For me, it wasn't so much using rationality. I think that to your mind and body, becoming worried or scared in situations that have scared you before isn't necessarily irrational because even if the situation is harmless, you do have unpleasant experiences with it from before. I know some people are scared of spiders. If I had had a spider problem then, I think I would've been scared of getting scared when I met a spider if you know what I mean.

What helped was refusing to let fear control me so I would choose to do things, knowing very well that they would cause anxiety. Often, it would go better than I feared and even if it didn't, at least I was deciding what to do, not my fears. I externalized it in a way and refused to listen to it.

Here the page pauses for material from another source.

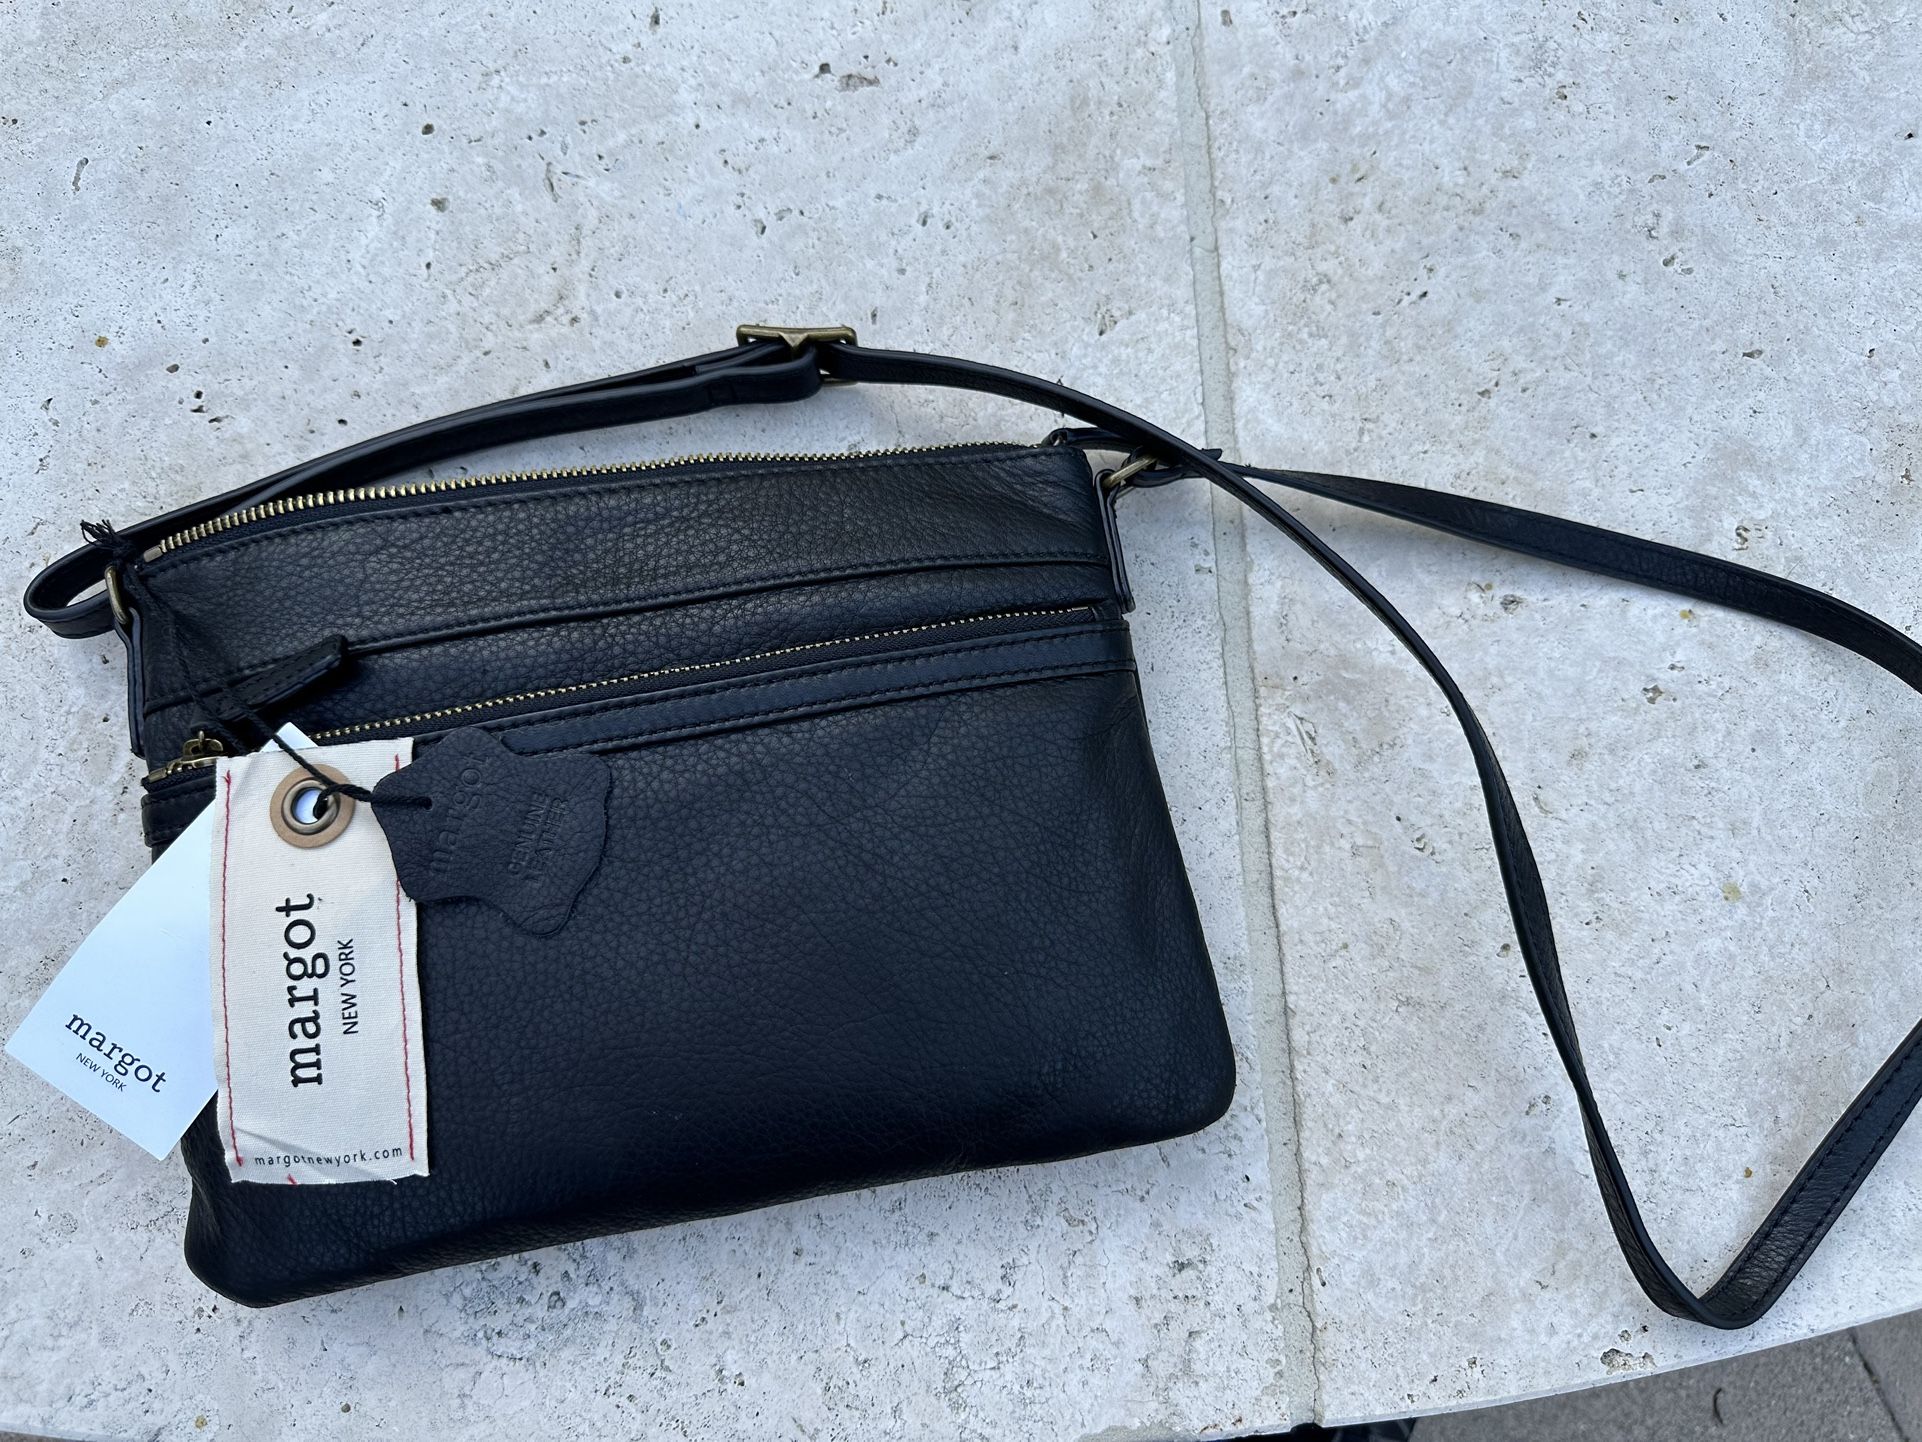 margot crossbody black leather purse. brand new!
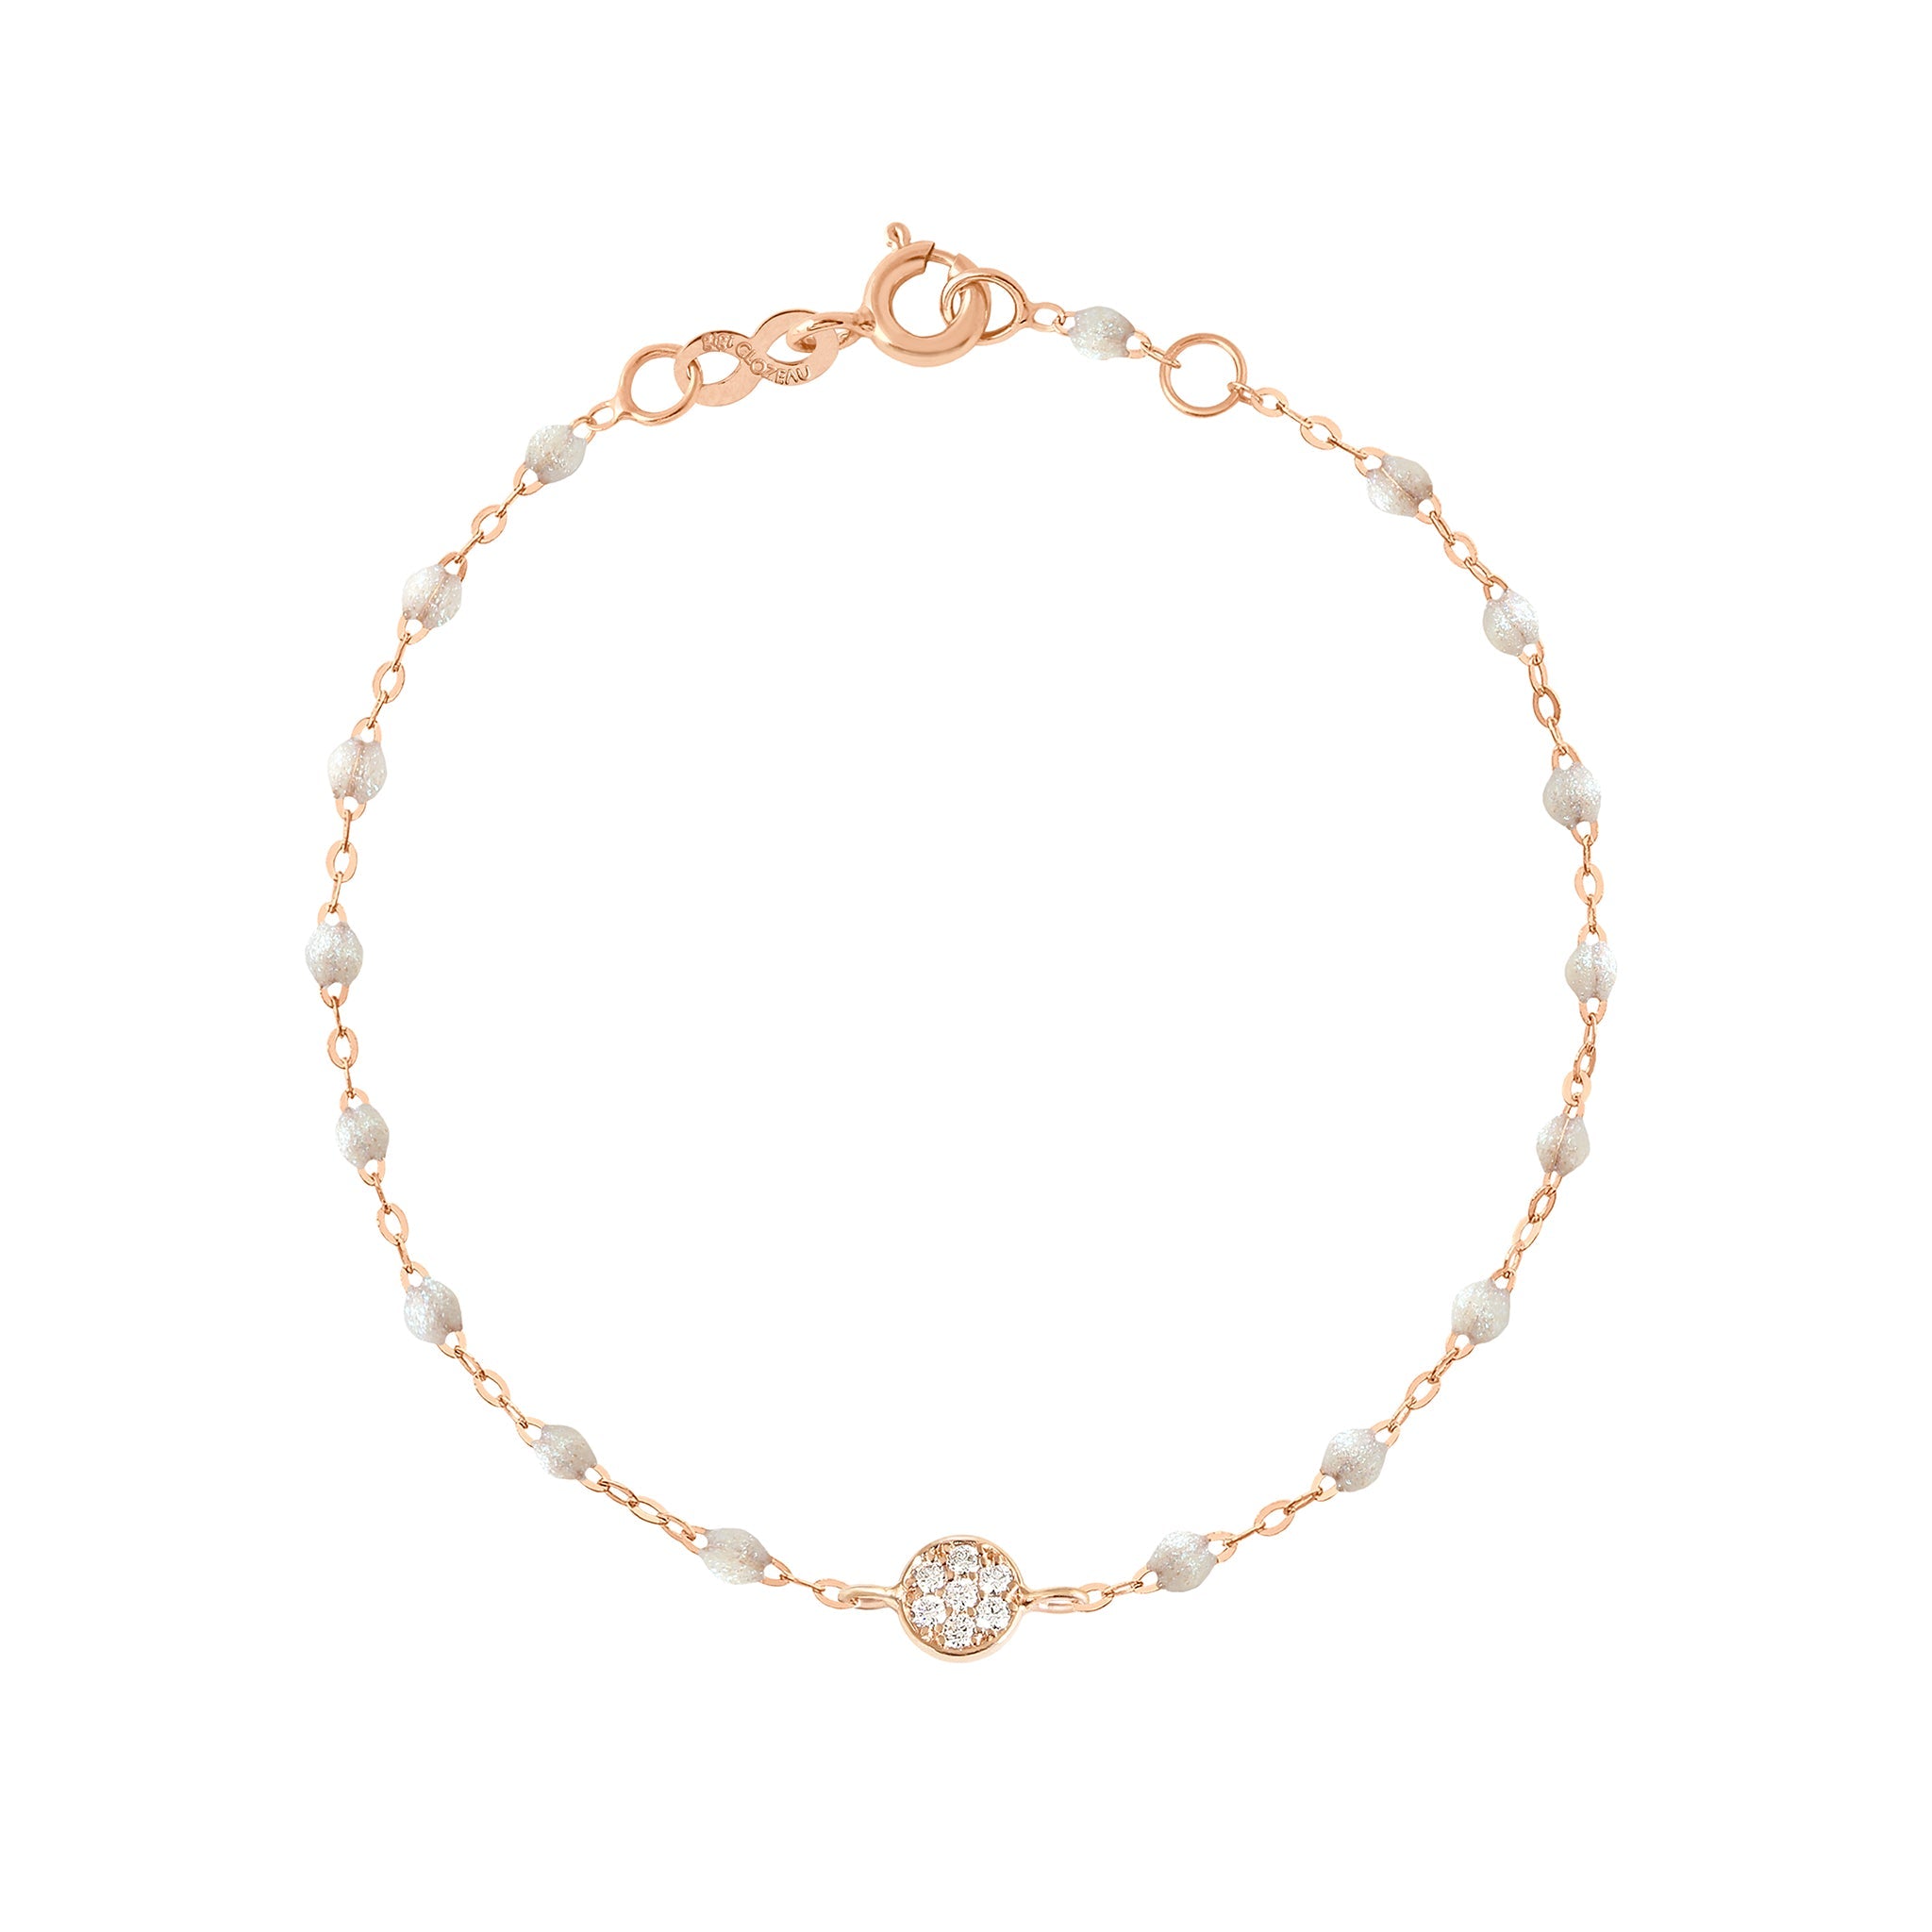 Bracelet opale Puce diamants, or rose, 17 cm pirate Référence :  b3pu002r6117di -1

It gave me back the control that the anxiety had stolen away from me. It took some time, but not long after I had actively started fighting it, I won just about every battle I had with my fears.

The change and the realization I could beat it didn't just happen out of the blue, though. For a long time, it was such a common feature in my life to be fearful, but then one day I was super excited about this IRC bot I was compiling and setting up .. nerdy, I know Still, later that day, I realized I had been so absorbed in what I was doing that I had forgotten about my anxiety. I had pretty much had a normal day! From then on, I knew that it was possible to have a life without fear, so I mentally grabbed a hold of the problem and actively decided to do something. I told my parents and even my teacher about how I felt which helped quite a bit and then I started battling it on my own. I went to a psychologist once and he said I was already well in a recovering stage where I would come out of it on top, so he didn't think I would need more counselling then.

He was right I think once you figure out the right way to battle it, there's only one way I think which is forward.
Ah, I see.
So it wasn't so much about controlling the fear itself as it was gaining control of the actions affected by fear.

Certain fears I have, like heights (being crippling... PARALYZING fears) I have no desire to ever want to lose, as I view it as anything but a handicap considering my lifestyle and aspirations... as I won't be needing to jump off of anything high or climb any skyscrapers any time soon... but others do affect my life in certain situations.
The problem is that the more I introduce myself into those situations, the more the fear becomes associated with them and it creates a negative feedback loop that seems counter-productive to the idea of therapeutic exposure, so I stay away for fear of making things worse until there's a better solution.
For me, that solution is alcohol... which is a magic elixir that completely transforms me into a normal person. It's obviously a dangerous position to be in... but to me, it's one damnation or the other, and the decision is far, far too easy to make.